Monday, June 15, 2009

Staying In Love

I finally finished watching Andy Stanley's series called Staying In Love and absolutely loved it! (no pun intended) These are just a few highlights of the notes I wrote in my journal while I watched. I averaged about 3-4 pages for each week (4 weeks) so I won't put them all up, but I would really suggest checking it out.

-The key to staying in love is to make love a verb.
-Choosing the right person is part of it, but learning to be and become the right person is the bigger part of it.
-The feelings and emotions are not the engine of the relationship.
-Love is something you actively do.
-It's about mutual submission. The biggest conflict should be who takes priority. Even if you don't make my the priority, I'm making you my priority. When you are constantly putting each other ahead of yourselves, it creates a balance.
-Submission means I place myself under you because I want to, not because you want me to or I feel like I have to.

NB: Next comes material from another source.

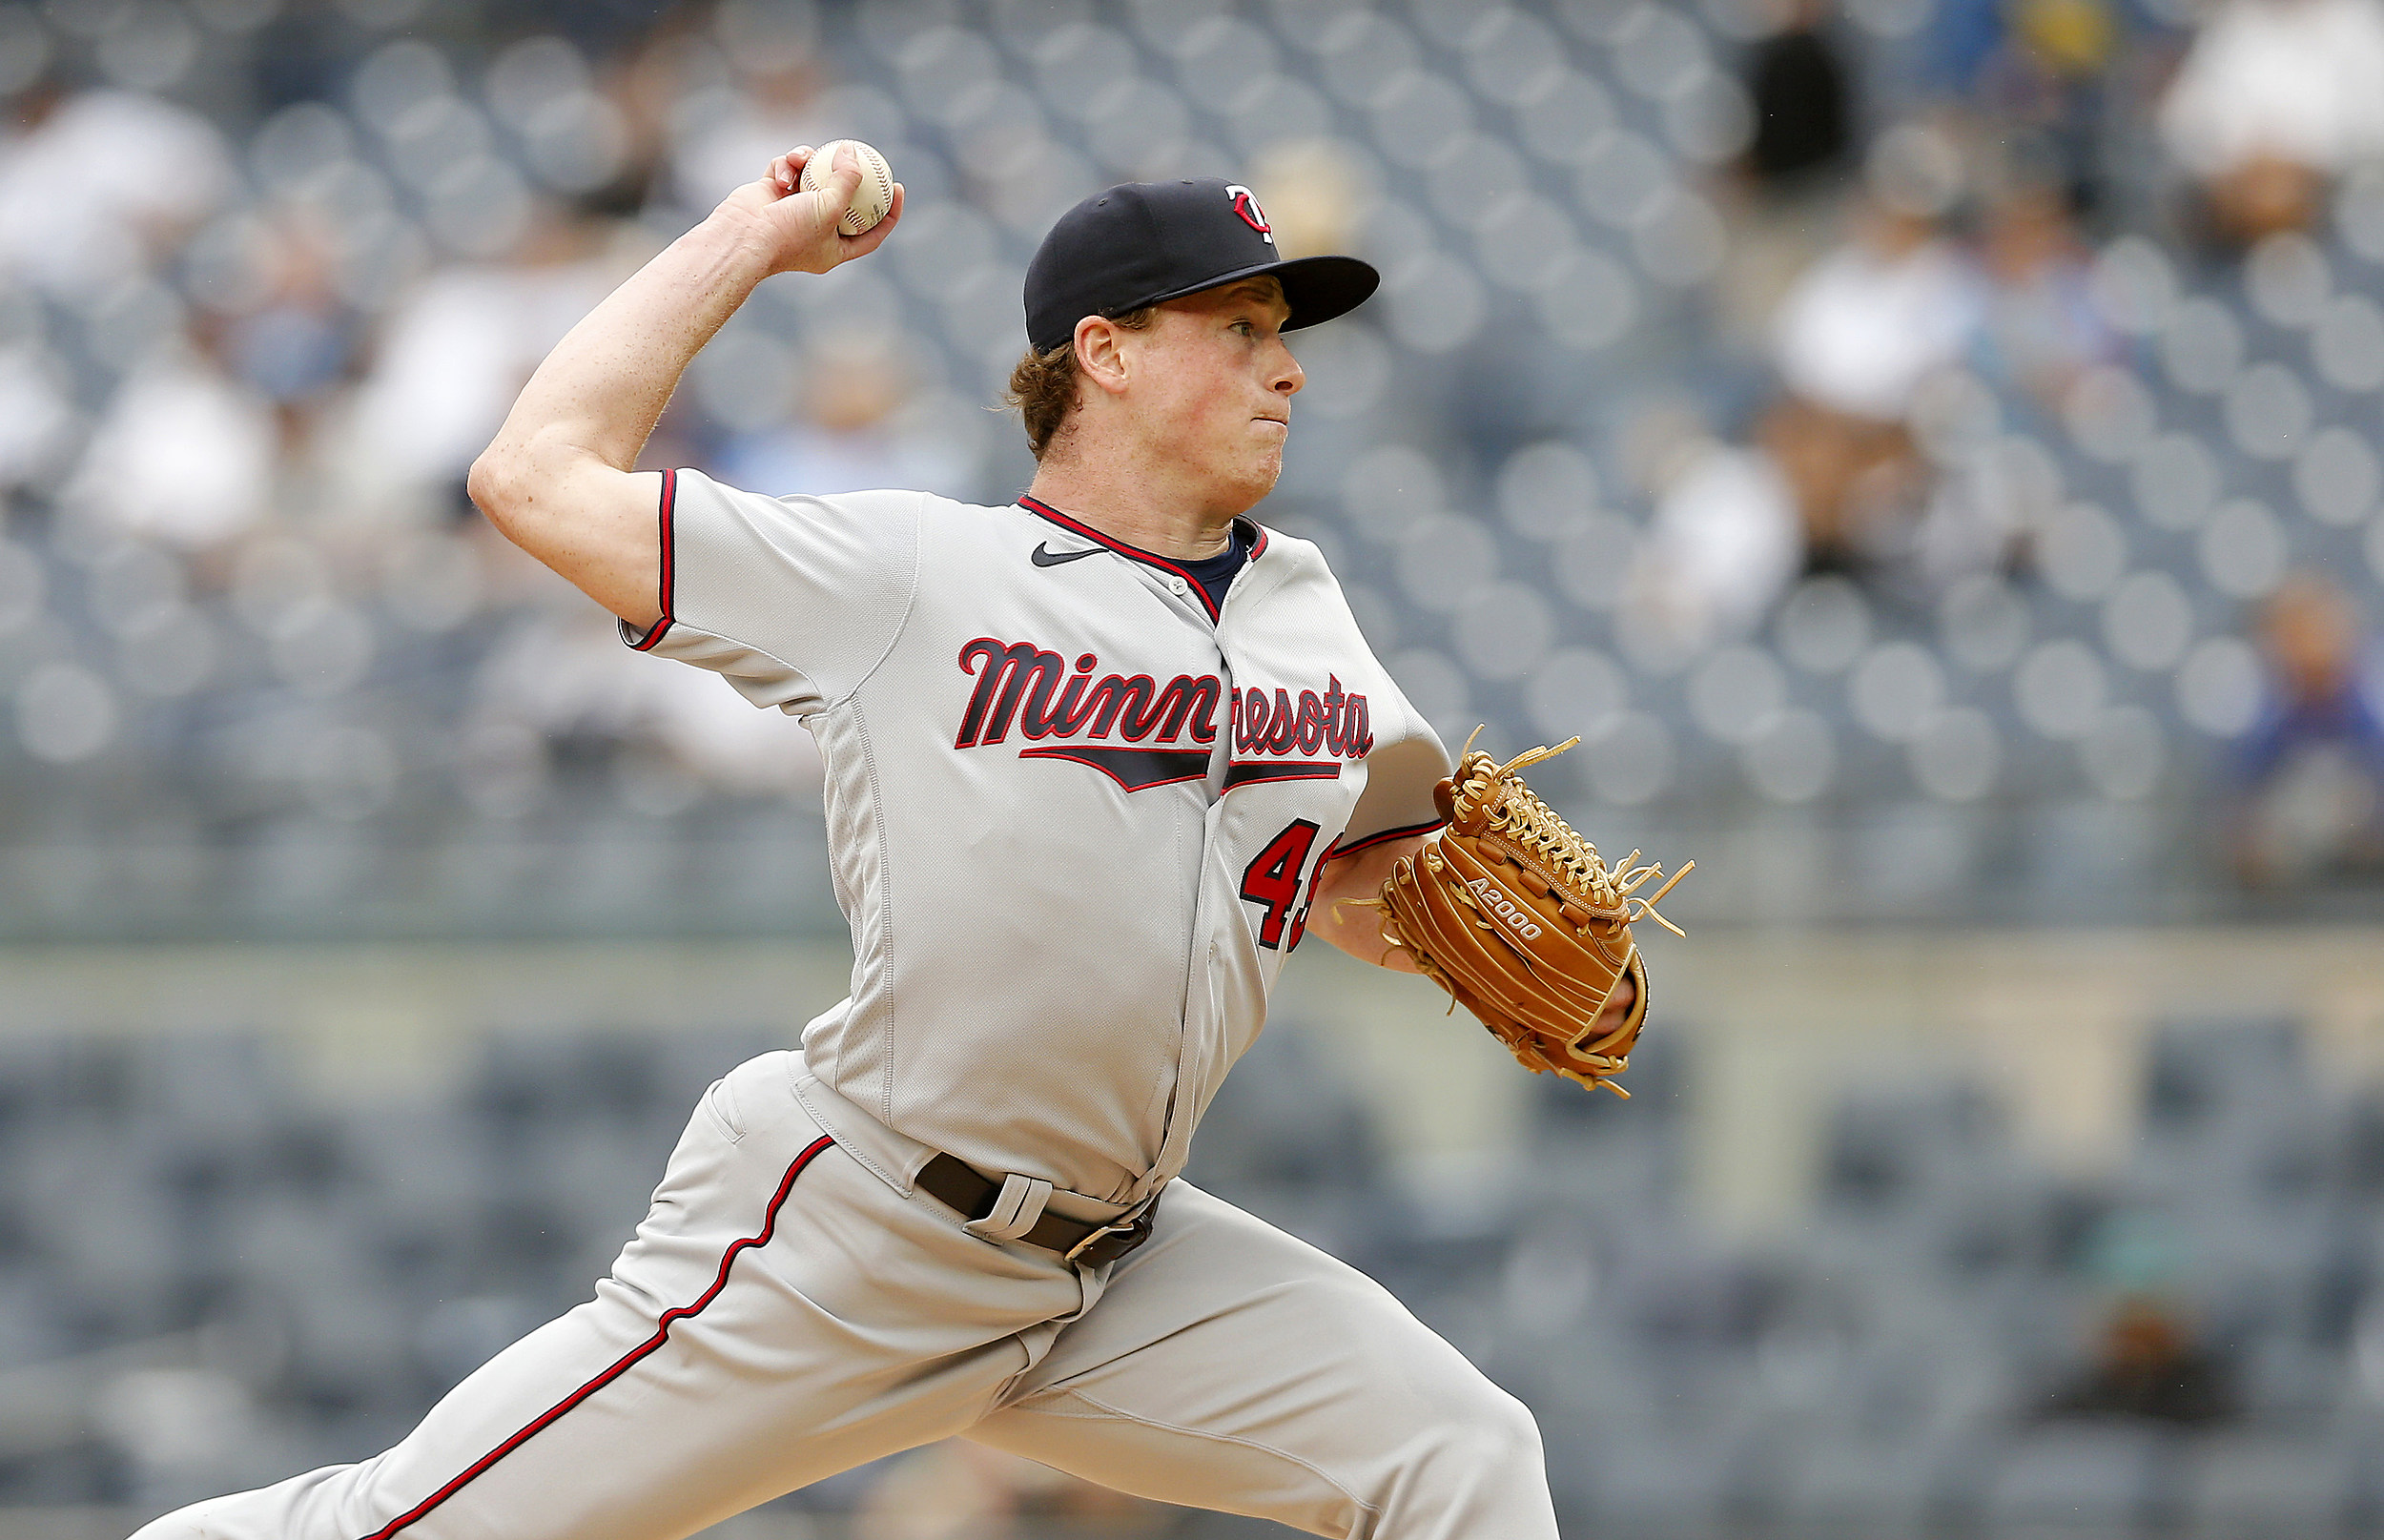 The Minnesota Twins face the Tampa Bay Rays Tuesday night

-Falling in love requires a pulse; staying in love requires a plan. Falling in love requires attraction; staying in love requires action.
-God created me to love someone intimately in every way possible and to do life with them until death parts us, but the world tells me this isn't possible.
-Even though loving like Christ is difficult, isn't it true that I would love to be loved like that?
-The heart of staying in love is valuing him above myself. Always act like he is more important that me. I defer to him. It's about respect. All day, every day.
-How do I treat my most valuable possession? There's almost a sense of awe about it. That's how I should treat him. It comes naturally at first and then becomes something that is done intentionally. That's how the love gets deeper and better. It's a lifestyle to be developed.
-I am mostly interested in the things that interest me. I must learn to express interest in whatever he is interested in and support it.
-I can spend the rest of my life being right or I can be in love. I can't have both. (that's a big deal for stubborn me)

-It would be possible to be in love like we're 16 years old forever if our hearts had never been hurt and we didn't have any baggage, but that's not what life is like. We all have stuff inside of us and don't really know what it is until we're in a committed relationship and we hit a bump. The reason these "things" come out isn't because of the other person, it's because of what is inside.
-My ability to feel a certain way is determined by the condition of my heart. My ability to stay in love has as much to do with my heart as it does with who I'm with. Everything I do flows from my heart. My relationship is the overflow of my heart. If my heart isn't in good shape, I won't be able to maintain a healthy relationship.
-If I want to stay in love, I have to monitor my heart.

-In every relationship, at some point, there is a gap between what we expect and how a person behaves. In these gaps me choose to either believe the best or assume the worst. That decision makes all the difference.
-2 things determine what you put in that gap: what you see (situation) and who you are (experiences)
-Find the most generous explanation for each other's behavior, and then believe it.
-Love protects the integrity of the relationship. I won't look for negatives. I'm looking for a way to keep love alive.
-Every time you choose to think negatively, you have contributed to the demise of your relationship.
-The last thing your significant other wants to do is disappoint you. When you go negative, it communicates disappointment and says "no matter how hard you try, you will never measure up" Every time that is communicated, you push them further and further away.
-When you choose to believe the best and communicate that, it builds the relationship.
-I will use these gaps to bring you closer to me. Am I willing to place in that gap "I trust you" until there is absolutely no excuse, and then we will have to have a tough conversation. But when that conversation is over, the trust comes right back in the gap.

1 comment:

  1. Um, yes. Kept inviting you to come to church with me!!! This was the series Andy was doing. Very, VERY good!